• **Work instruction**
Search the listing below for the word "weavers" and copy each line that holds it.

• **Raw data**
◇ ◇ ◇ ◇ ◇ ◇ ◇
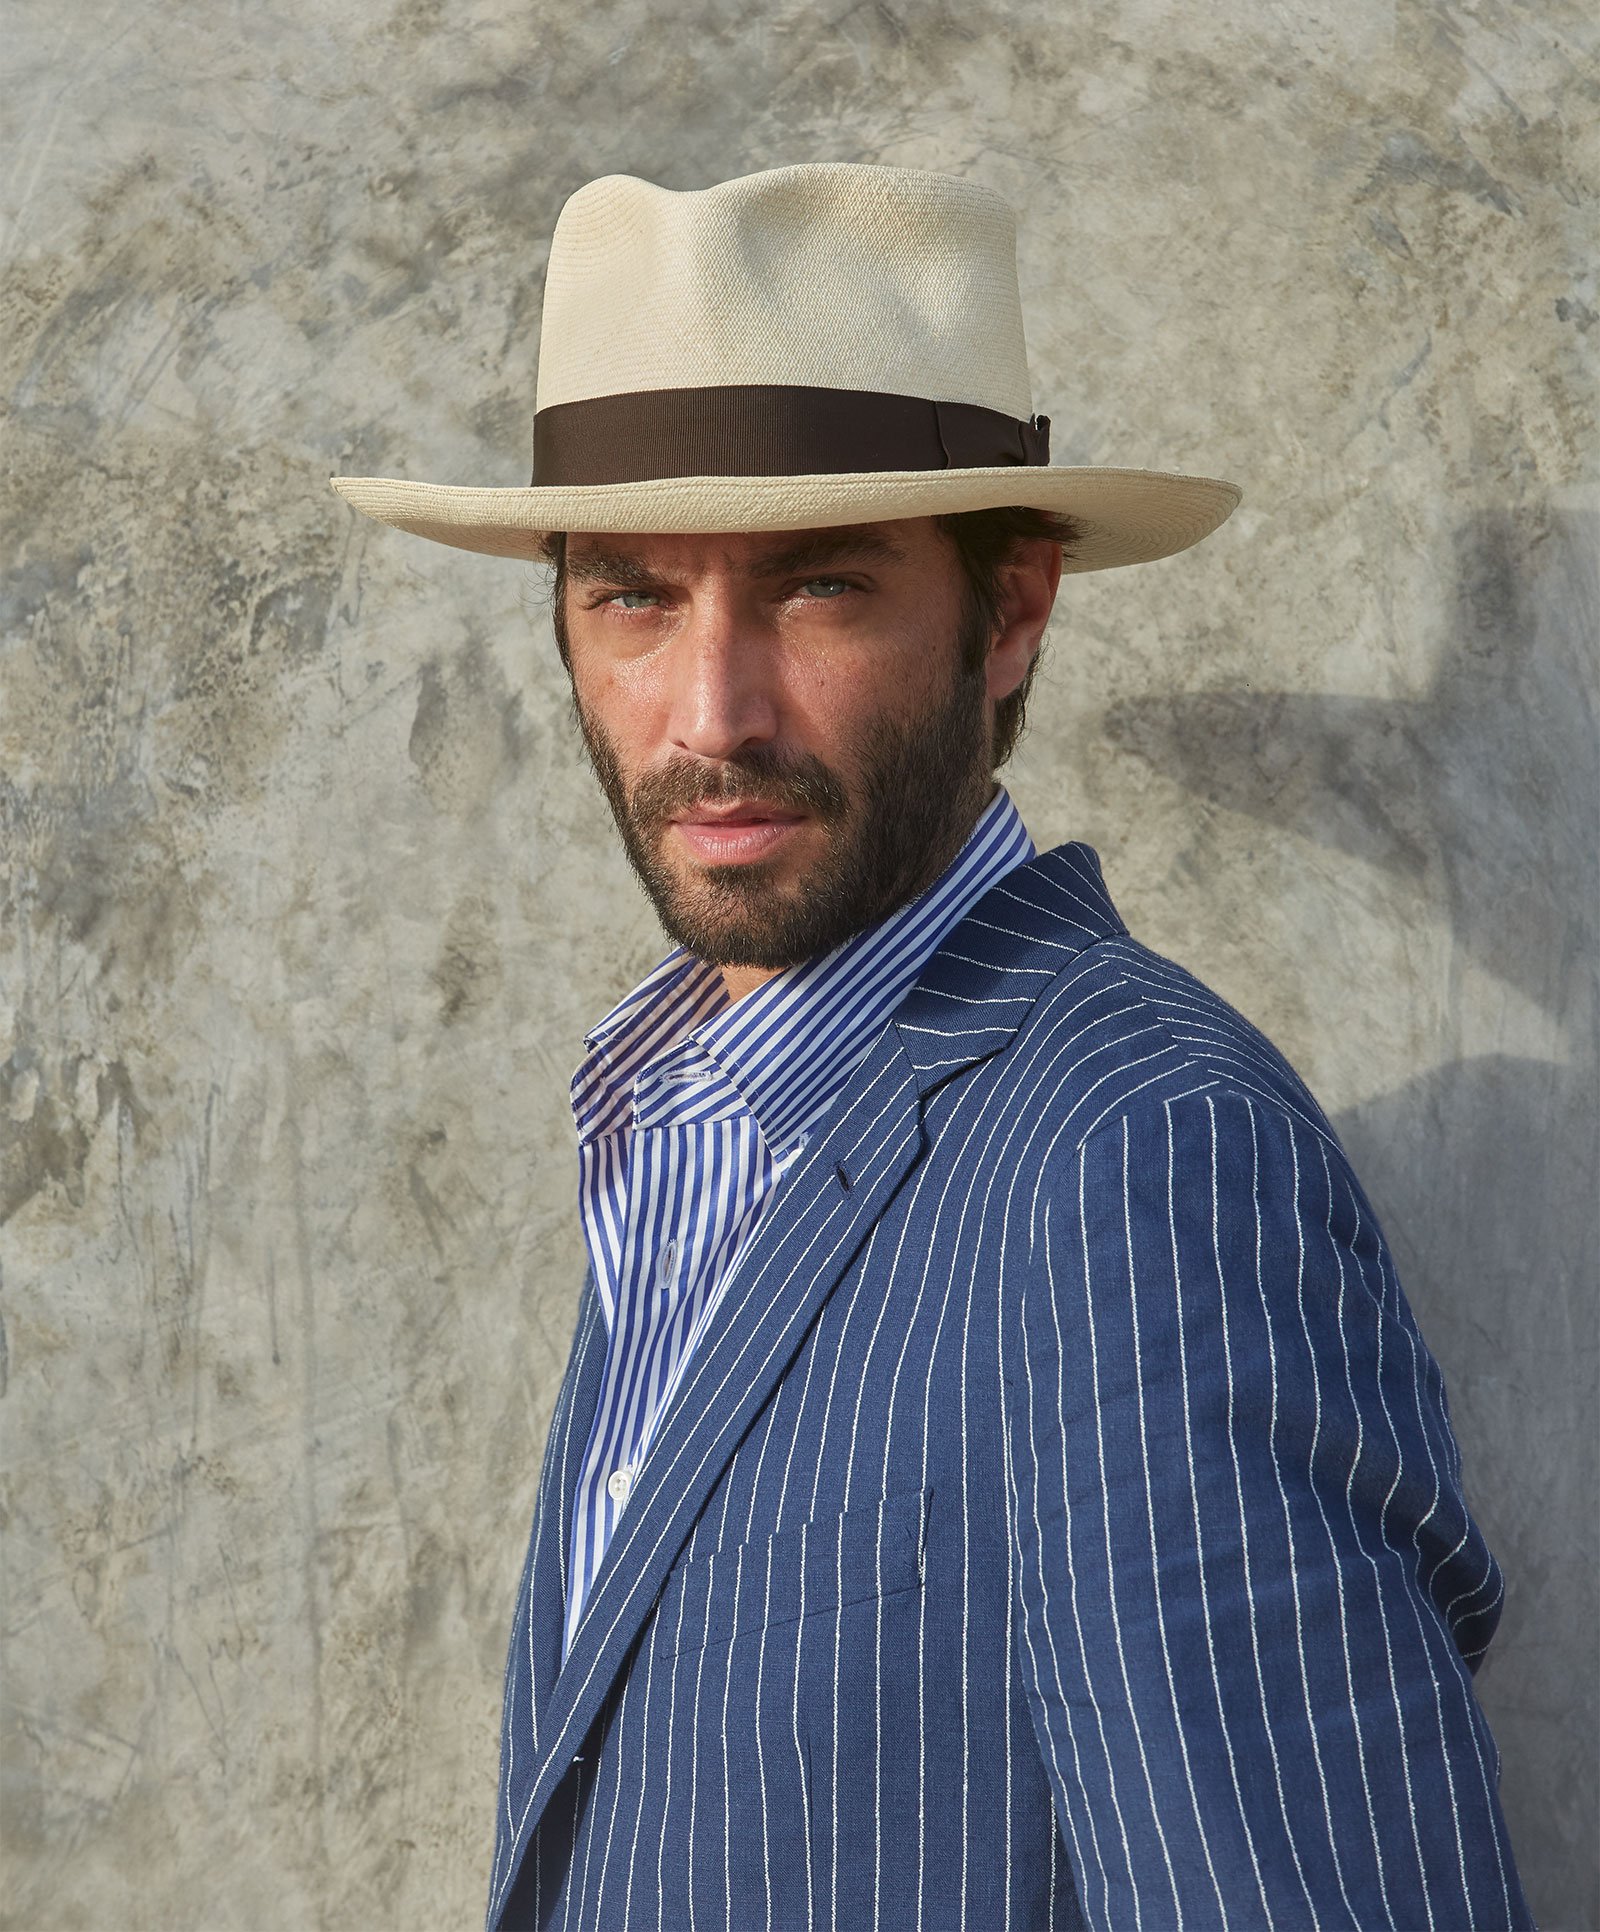 Design
Rarer than a perfect diamond and infinitely more refined, we are proud to carry the most exquisitely crafted Montecristi Panama hats in the world. Depending on the quality of the weave, a Worth & Worth Montecristi Panama Hat can take several months to weave by our master weavers in Ecuador. Available in four different qualities, the result is a hat with a soft texture, translucent appearance, and luminous ivory color.
Material
Our Montecristi Panama straw is handwoven in Ecuador and available in 4 different qualities: Artisan, Master, Museum, and Superfino.
Specifications
With its teardrop Style, our Montecristi Casablanca combines a 3 3/4” to a 4 crown (depending on your head size) with a 2 3/4 to a 3 1/8 brim. The larger brim offers ample shade for the next time you find yourself headed to the Tropics. Handwoven by our master weavers in Ecuador Handcrafted in New York Truly a work of art.
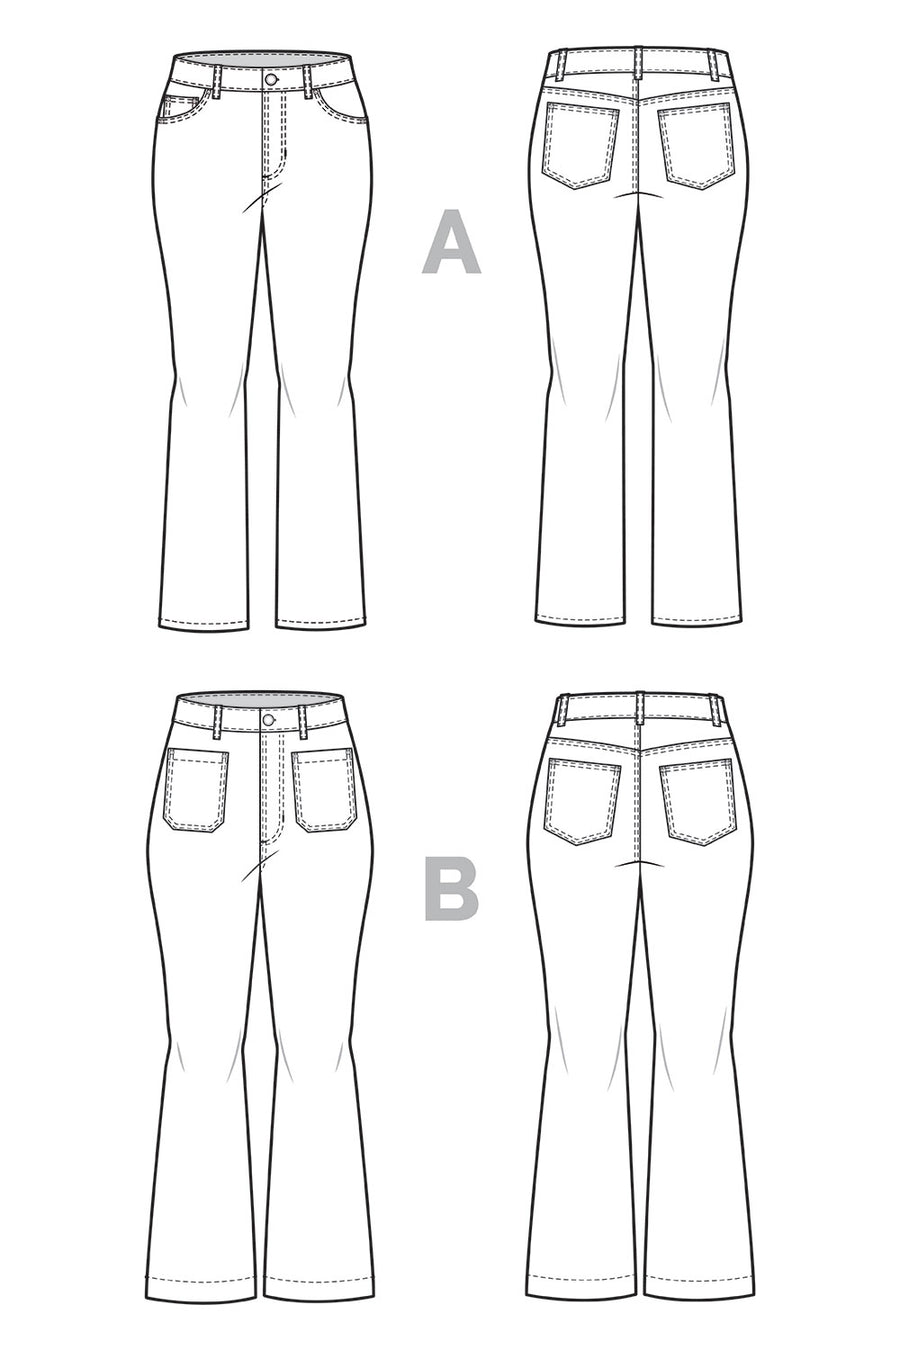 Jude Jeans | Bootcut and Flare Jeans Pattern | Closet Core Patterns
◇ ◇ ◇ ◇ ◇ ◇ ◇
• **Result**
Rarer than a perfect diamond and infinitely more refined, we are proud to carry the most exquisitely crafted Montecristi Panama hats in the world. Depending on the quality of the weave, a Worth & Worth Montecristi Panama Hat can take several months to weave by our master weavers in Ecuador. Available in four different qualities, the result is a hat with a soft texture, translucent appearance, and luminous ivory color.
With its teardrop Style, our Montecristi Casablanca combines a 3 3/4” to a 4 crown (depending on your head size) with a 2 3/4 to a 3 1/8 brim. The larger brim offers ample shade for the next time you find yourself headed to the Tropics. Handwoven by our master weavers in Ecuador Handcrafted in New York Truly a work of art.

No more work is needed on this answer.